Supporting people who inject drugs in Indonesia
If you inject drugs and are living with HIV, then you will need some kind of care and support to stay healthy and safe and not spread HIV to others. In Bandung, Java in Indonesia, our partner, a community-based organisation called Rumah Cemara, is providing just that kind of support. Among other things, it works in prisons with inmates who are HIV positive, and also runs a methodone support programme for other people who use drugs in the community.
It is part of the Community Action on Harm Reduction project; an ambitious five-country programme to provide HIV prevention and care services to people who use drugs. We focus on building the capacity of local community-based organisations and sharing knowledge about what works.
Prison pre-release programme
Banceuy prison in Bandung is one of only a few prisons in Indonesia that detains prisoners with drug-related convictions. Rumah Cemara has been working in Banceuy since 2004 and set up a peer support group in 2007 for HIV positive inmates.
The CAHR project specifically focuses on a pre-release programme to provide support to inmates who are in their last month before being released. Rumah Cemara works with the prison’s counselling department to provide HIV prevention information, advice and guidance for inmates who are leaving prison.
Support provides individuals with life skills and includes building their ability to manage their dependence on drugs and their HIV status. They are also given information about local HIV prevention and care services and support group details. Rumah Cemara works with prison staff to educate them about HIV prevention, HIV treatment and a harm reduction approach to drug use.
Methadone treatment has been proven over and over to prevent HIV transmission.
Methadone Therapy for people who use drugs
Local authorities introduced Methadone Maintenance Therapy (MMT) in Bandung in 2007 to reduce the dangers associated with injecting drugs. The greatest harm that comes from injecting drugs in Indonesia is HIV transmission. Methadone treatment replaces the need for opiates, and so people stop or reduce using drugs. This means they stop or reduce injecting. Methadone treatment has been proven over and over to prevent HIV transmission, and it also improves health in other ways as people stop injecting themselves. Neither do people need to find money to buy drugs.

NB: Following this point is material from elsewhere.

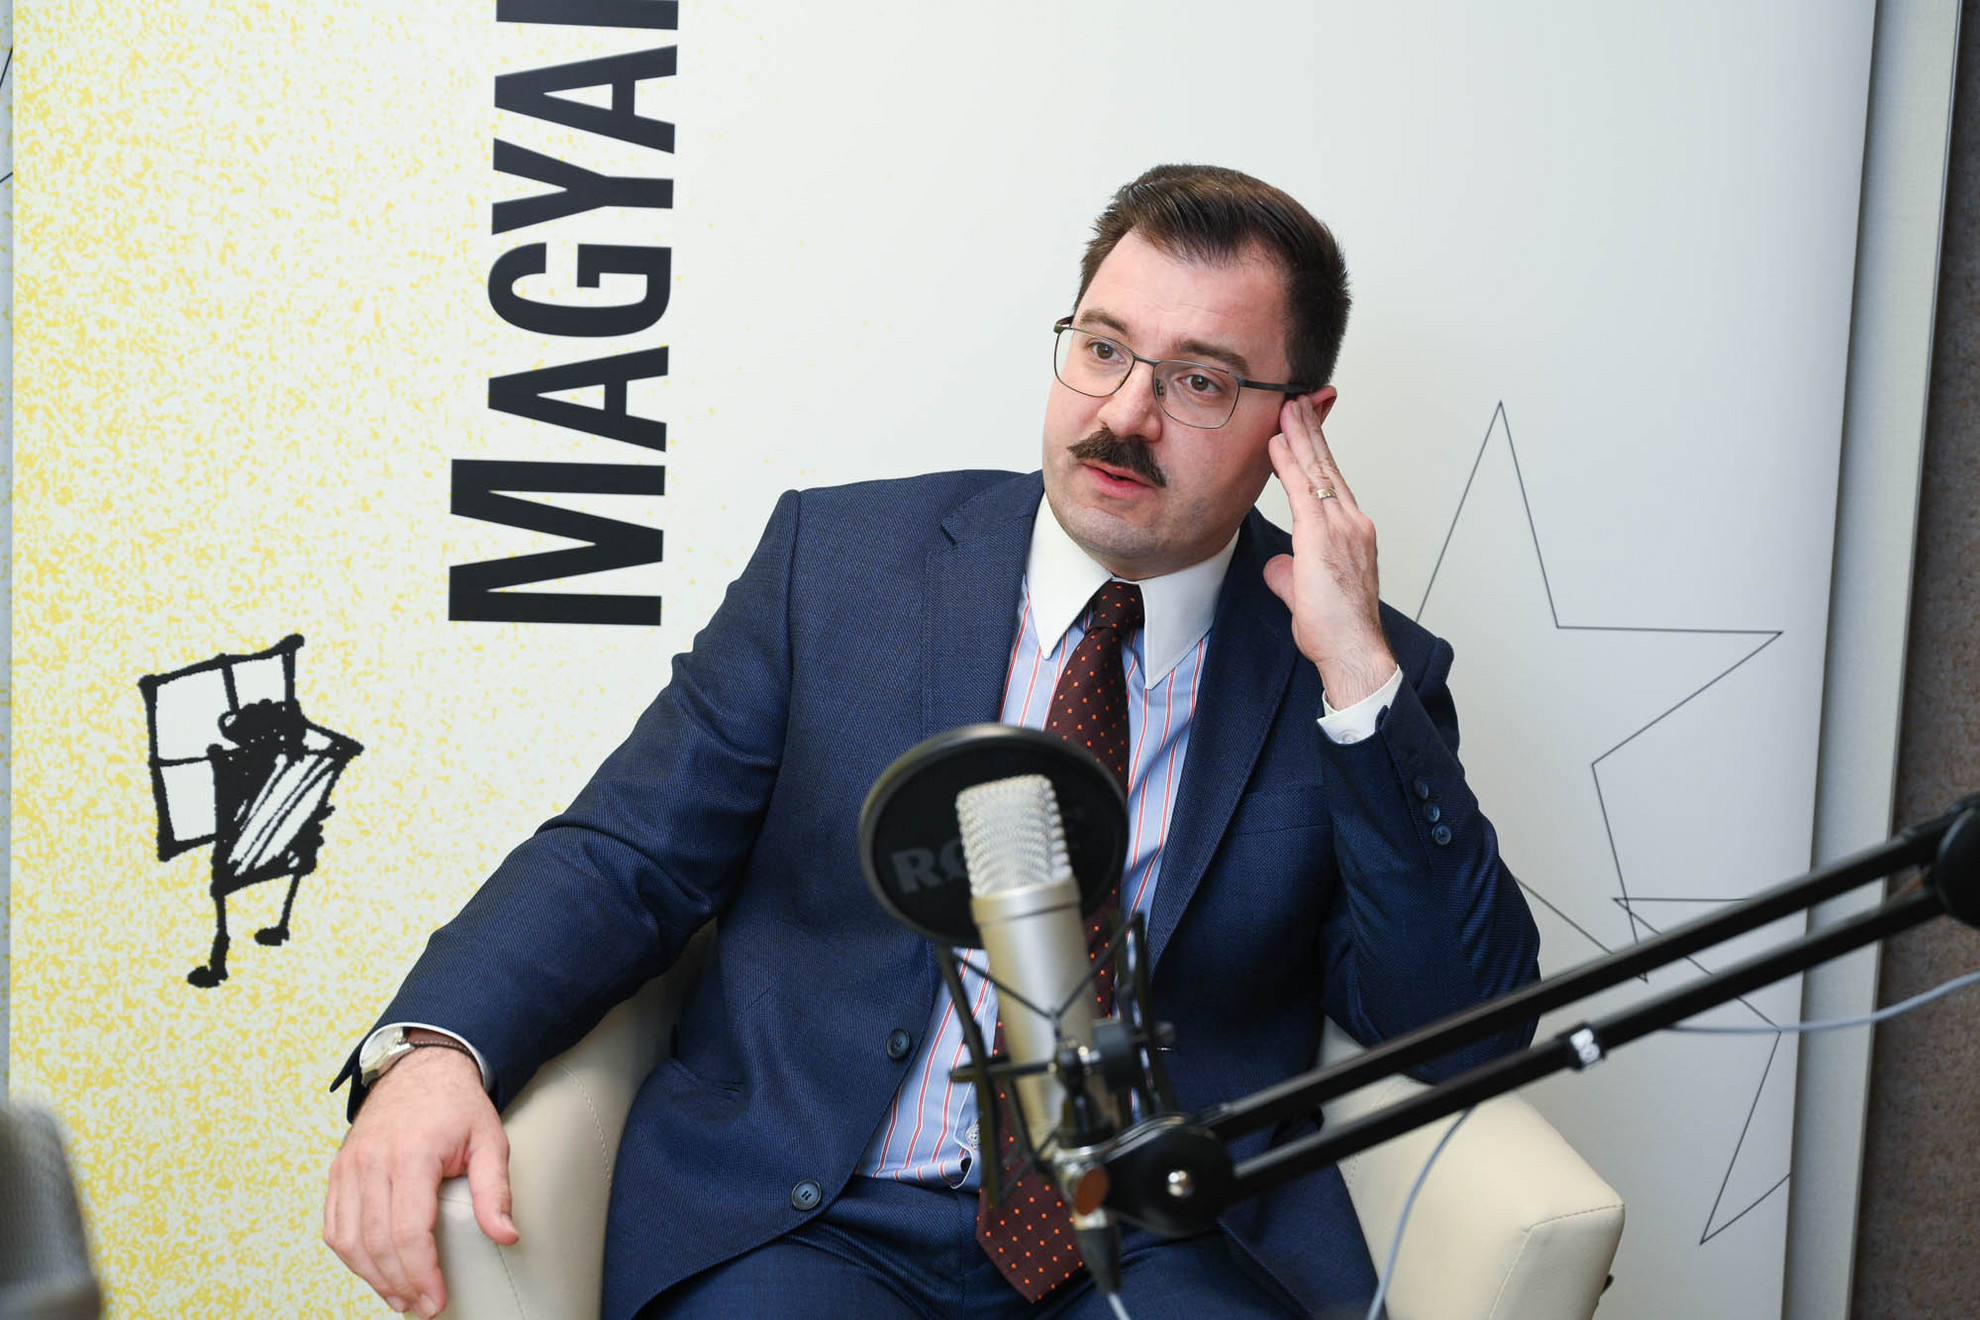 Szánthó Miklós, az Alapjogokért Központ igazgatója a Faktum adásának felvételén

The methadone clinic is located in Bandung at the Hasan Sadikin hospital, near the ART clinic. This helps to provide integrated services, which is important as one of the main drivers of the HIV epidemic in Indonesia is injecting drug use. Of the 210 people who have received services from the clinic, 78 active clients come on a regular basis.
Many reasons contribute to this high dropout rate. For example, some clients taking methadone experience very little change to their lives as they continue to take drugs. Some people have to make the journey every day to the clinic to take their medication and this may require them to travel long distances and pay for transport they cannot afford. For others, they meet people who are still using drugs in the vicinity of the clinic. The police target the area knowing they will find people with drugs on them and this instils enough fear that they stay away.
MMT can help people improve their quality of life but without proper support the chances are limited. Rumah Cemara through the CAHR project is providing this support for people on MMT. At their offices there are rooms for people to rest after taking their dose at the clinic. They can meet up and get peer-to-peer support. They can hear talks on motivation, self-acceptance, health and addiction.
With motivation and confidence MMT clients are showing that they can become role models for other clients. Some of the clients have made considerable progress: moving on in their lives, getting a job and enjoying a stable life.